# WHAT IS EXPECTED
For the lines from the one with "TAMS students develop" to the end of the listing below, both ends included, give an exact copy and nothing more. Do not copy pictures.

# DATA SECTION
--------------------

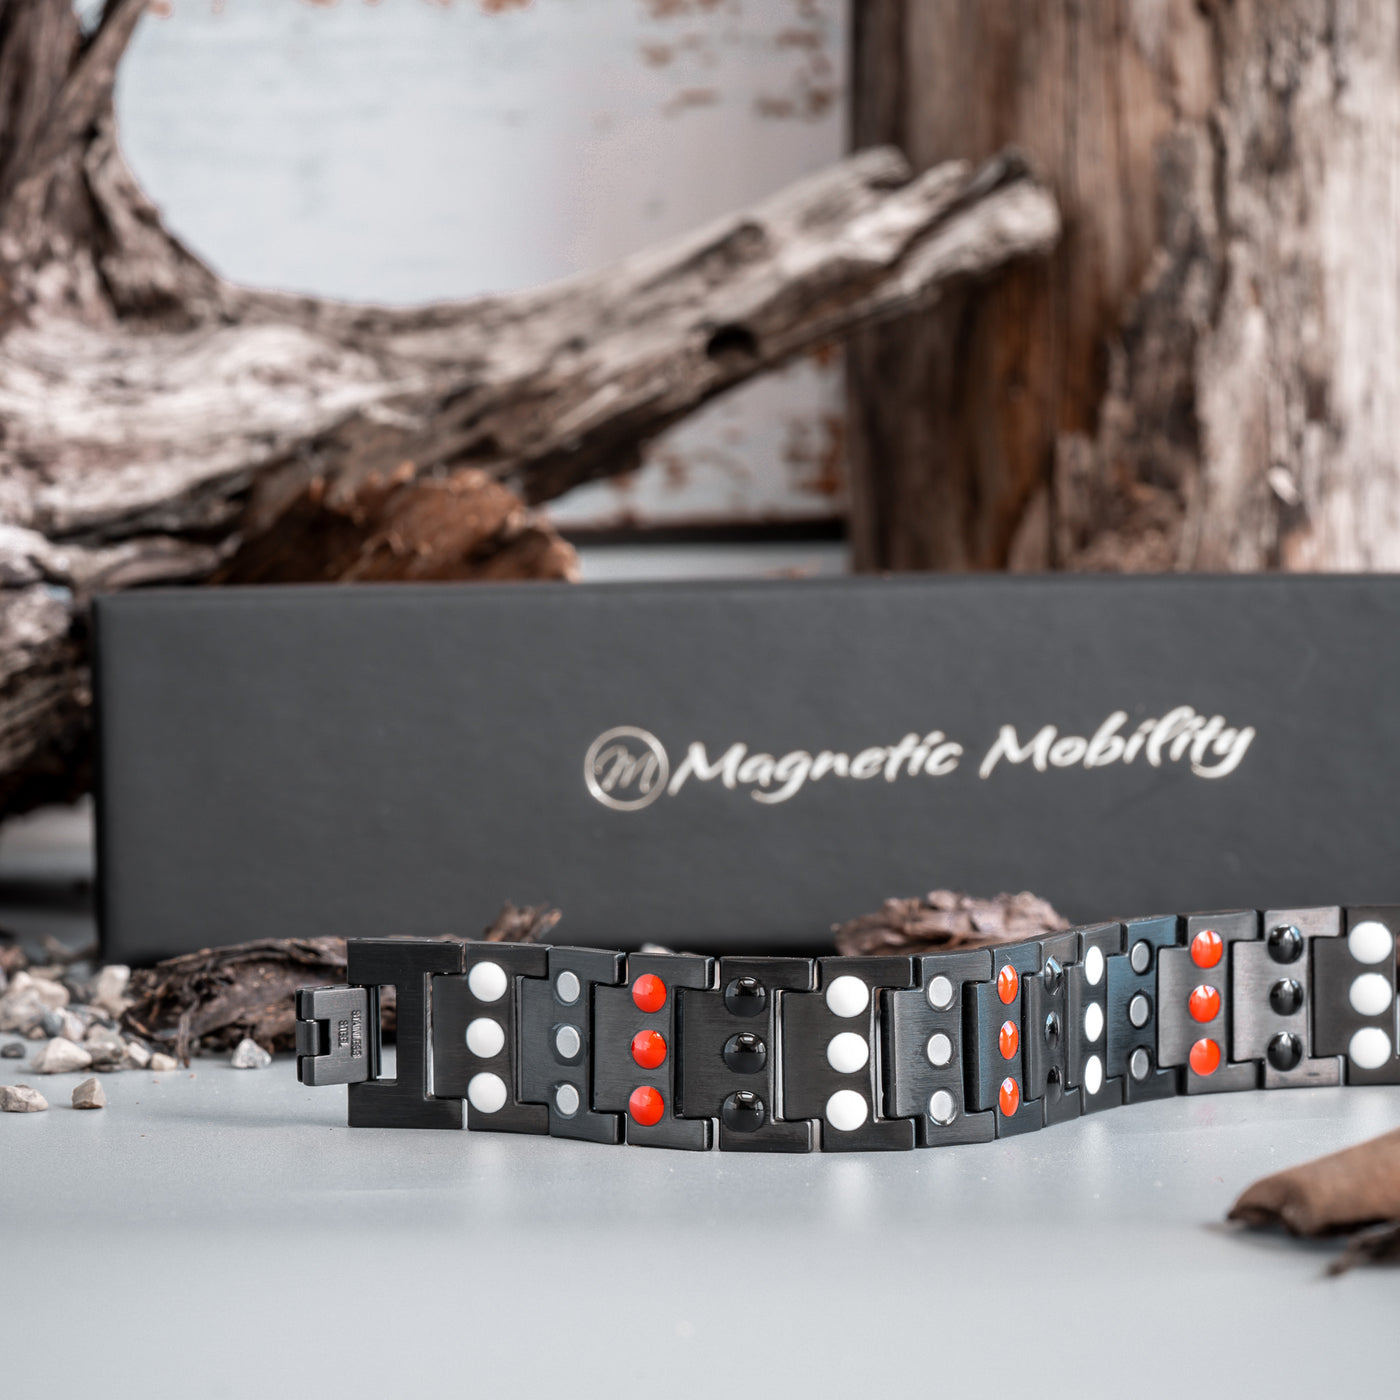 Detail of the three rows of 4in1 elements in the Birch Night Men's Magnetic Bracelet, showcasing quality and design precision for maximum support.
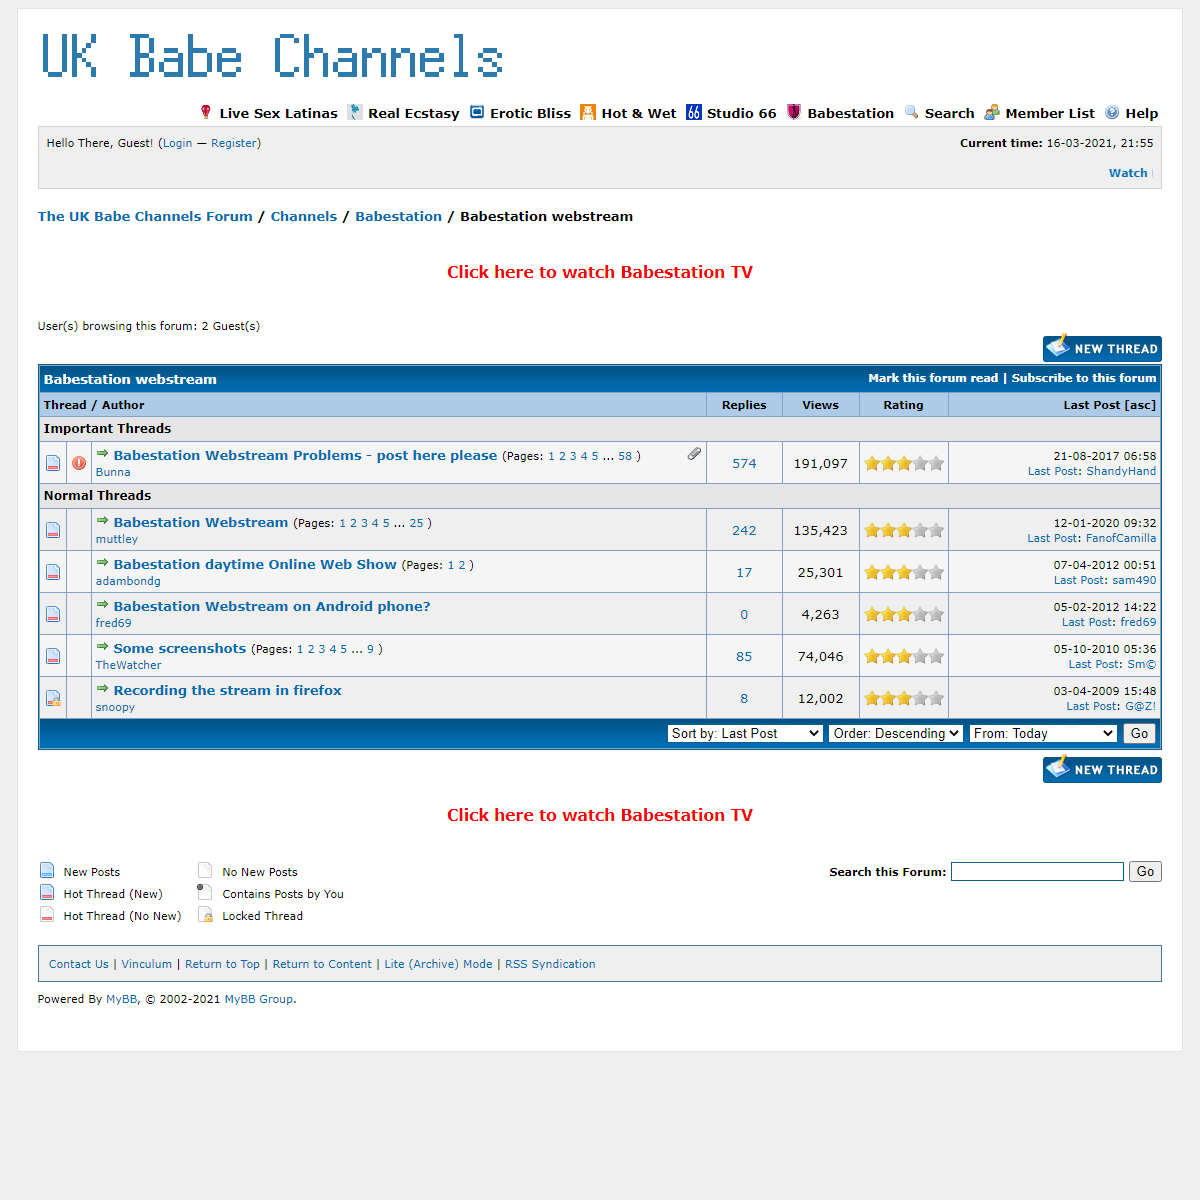 A complete backup of https://www.babeshows.co.uk/forumdisplay.php?fid=124
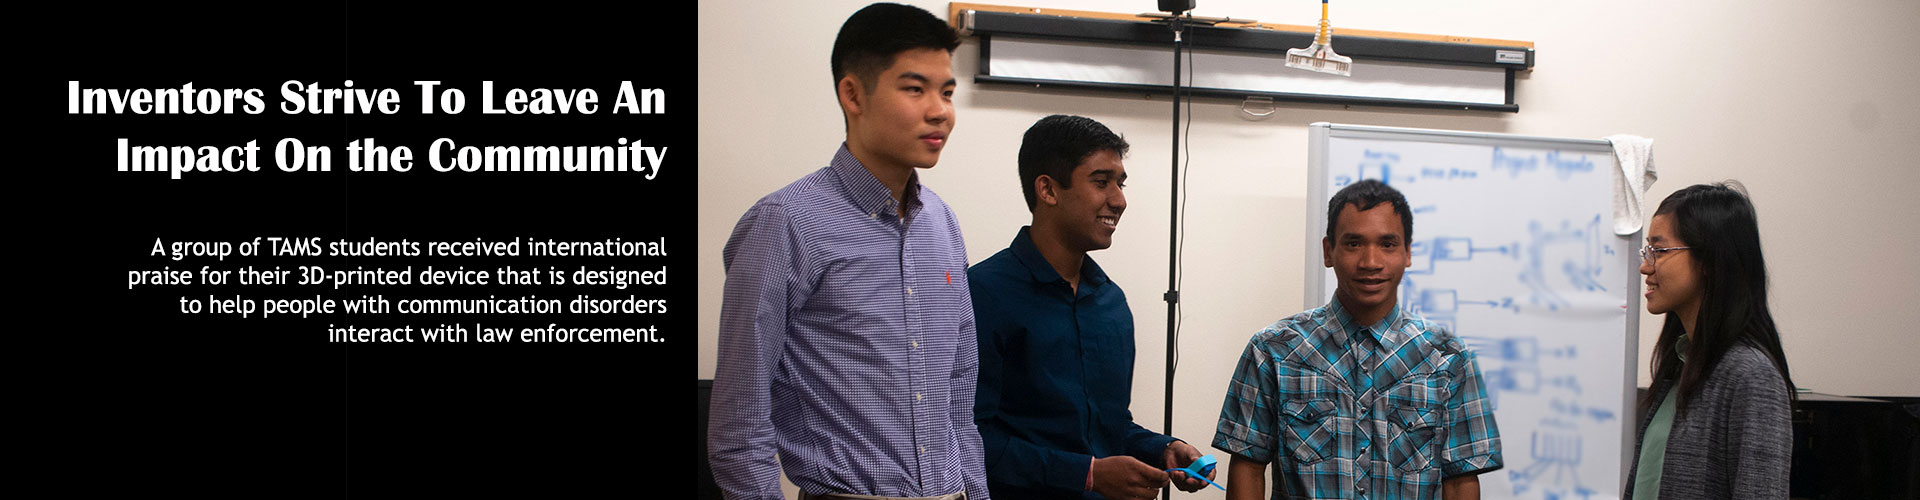 TAMS students develop device to help people with communication disorders
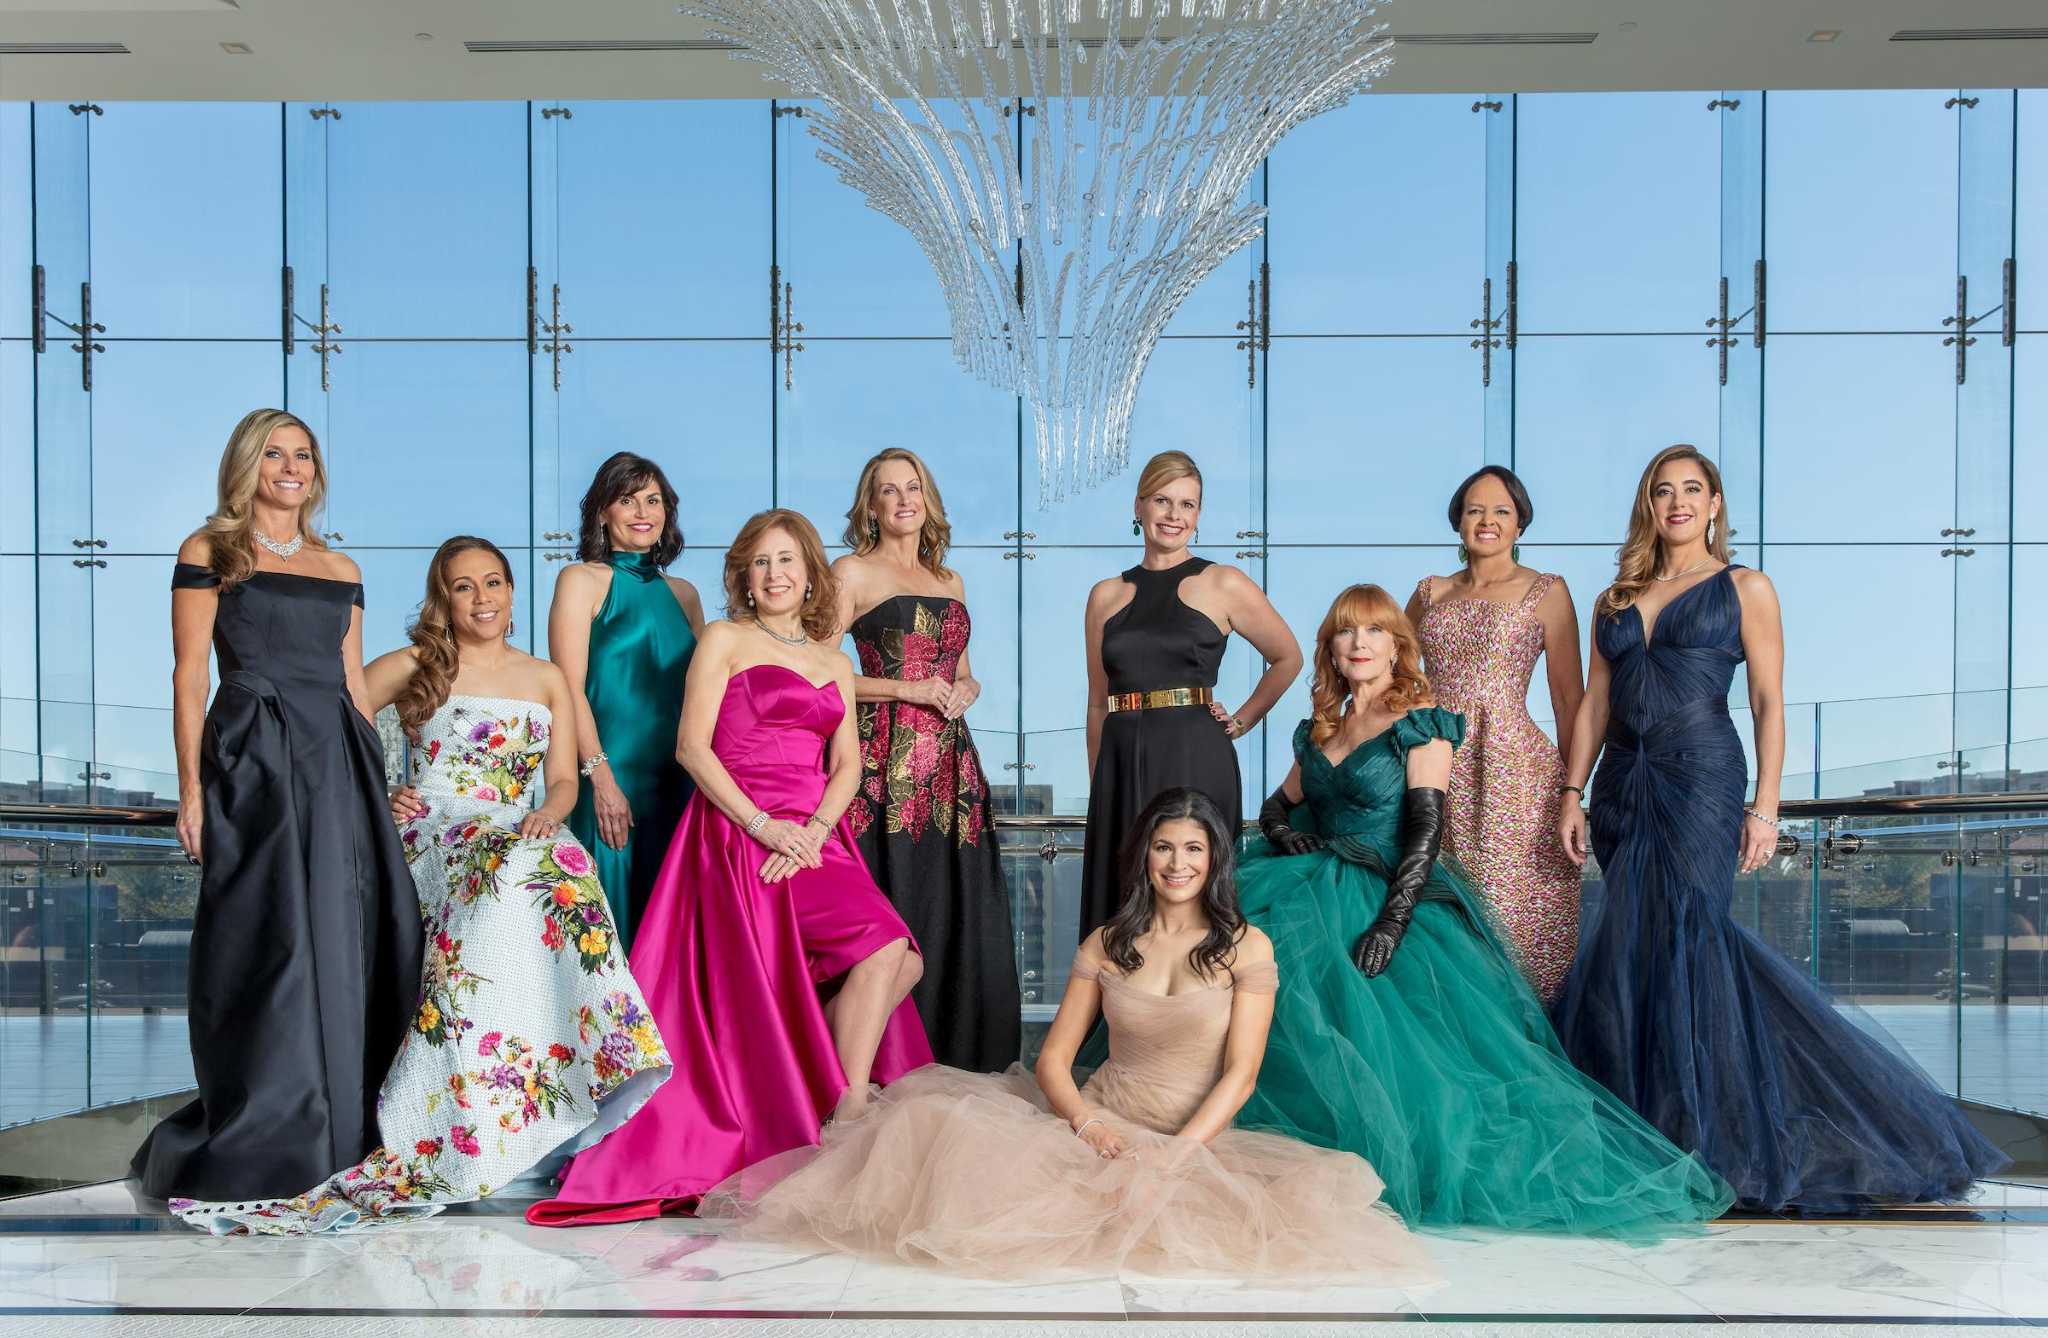 Meet the 2019 Houston Chronicle Best Dressed Honorees

--------------------

# ANSWER TO THIS TASK
 TAMS students develop device to help people with communication disorders
 Meet the 2019 Houston Chronicle Best Dressed Honorees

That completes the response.